The synthesis and solution and thin film characterization of four
octasubstituted phthalocyanines (Pcs)
are reported.
[2,3,9,10,16,17,23,24-octakis(dodecylcarboxylato)phthalocyaninato]copper,
[2,3,9,10,16,17,23,24-octakis(N-dodecylamide)phthalocyaninato]copper,
and
[2,3,9,10,16,17,23,24-octakis(2-(benzyloxy)ethoxy)phthalocyaninato]copper, and the corresponding zinc
phthalocyanine analog, were prepared and
their aggregation properties characterized in chloroform solutions.
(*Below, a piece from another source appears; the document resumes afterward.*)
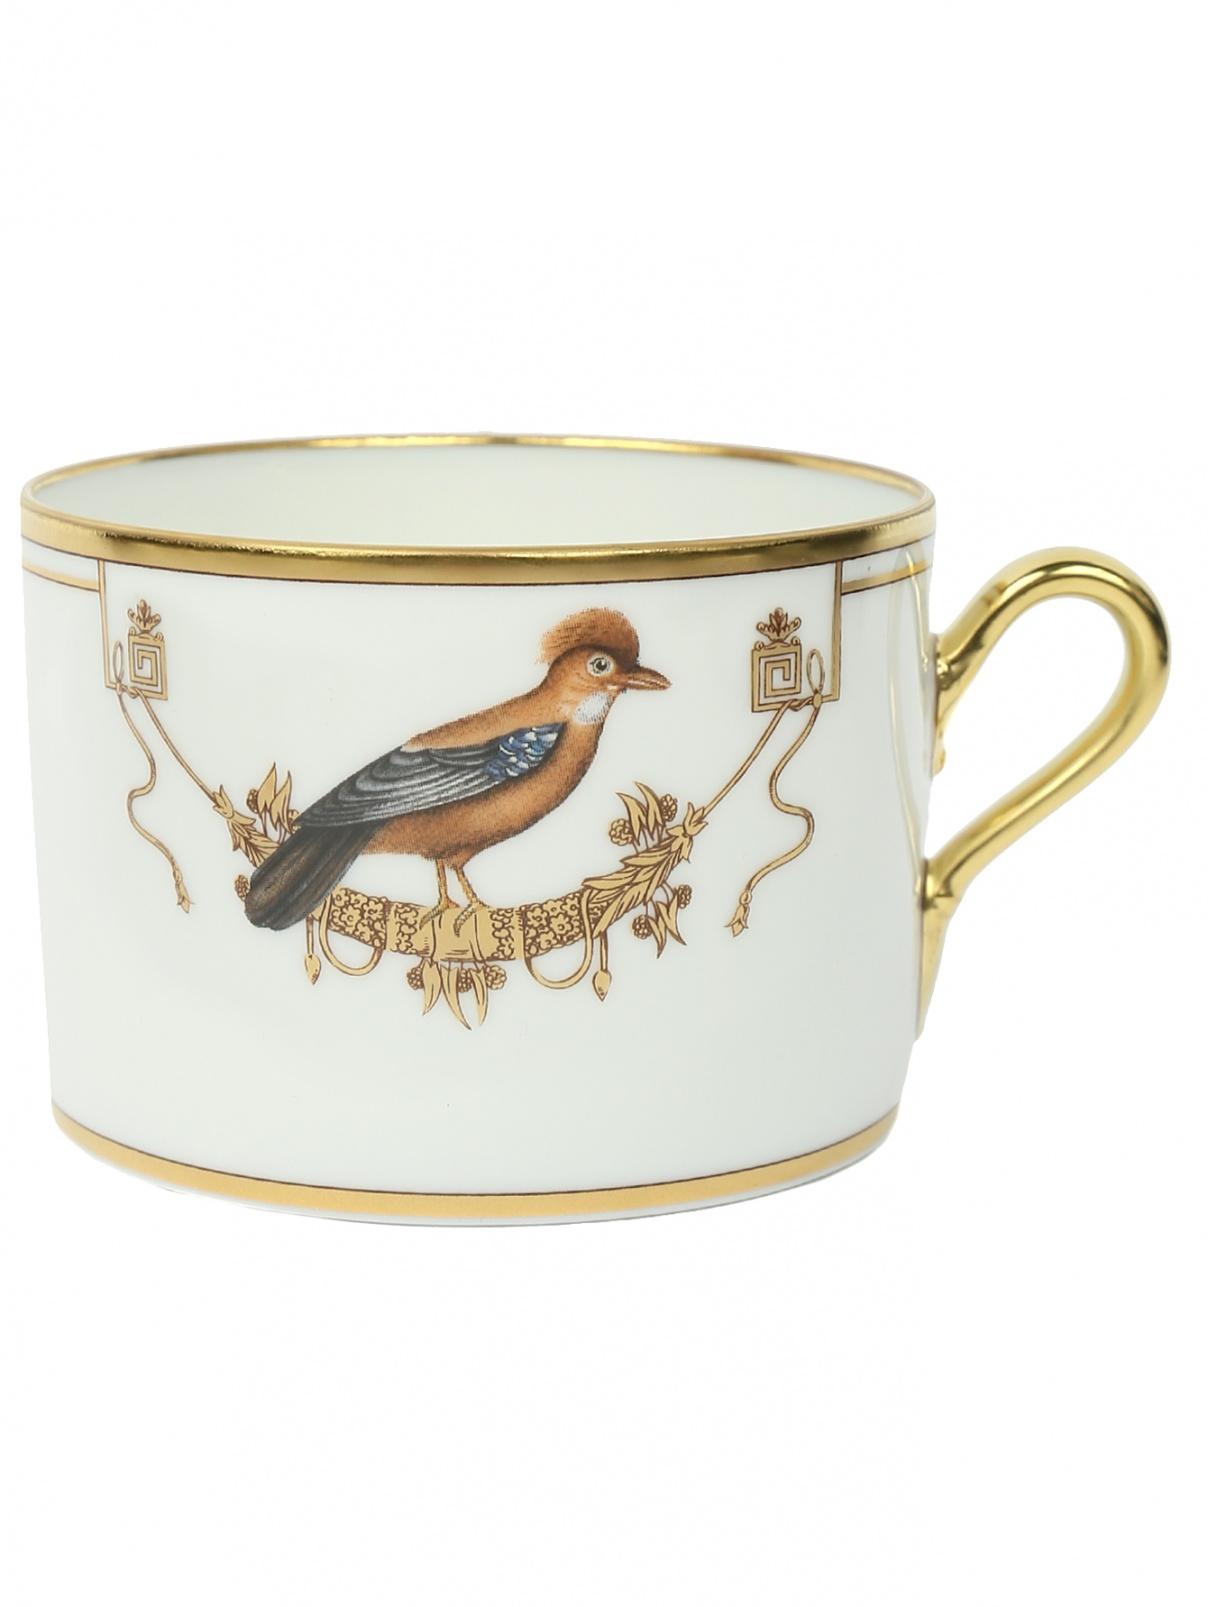 Чашка чайная с узором птицы Richard Ginori 1735  –  Общий вид

The octa-ester-modified Pcs showed
the greatest tendency toward solution aggregation
(K
agg ≥ 4.8 × 106), and the
octakis((benzyloxy)ethoxy)-modified Pcs showed the least tendency toward aggregation (290 ≤
K
agg ≤ 1300). Both cast and
Langmuir−Blodgett (LB) thin films of these compounds showed the tendency toward
formation of columnar aggregates,
as evidenced by their blue-shifted Q-band absorbance spectra.
Fully compressed thin films of these Pcs
show the rings tilted by ca. 50−60° with respect to the surface
normal, with essentially cylindrical symmetry
of the side chains about each aggregate. The octaester Pcs, which
showed the strongest solution aggregation
tendencies, proved to form the most highly ordered LB thin films, as
evidenced by the dichroism in several
key vibrational bands. Molecular dynamics simulations are
presented which show hypothetical structures
for single molecules of each of the above compounds, as well as
pentamer linear cofacial aggregates which
demonstrated stability in these calculations and which are structures
consistent with the spectroscopic
characterizations of these materials.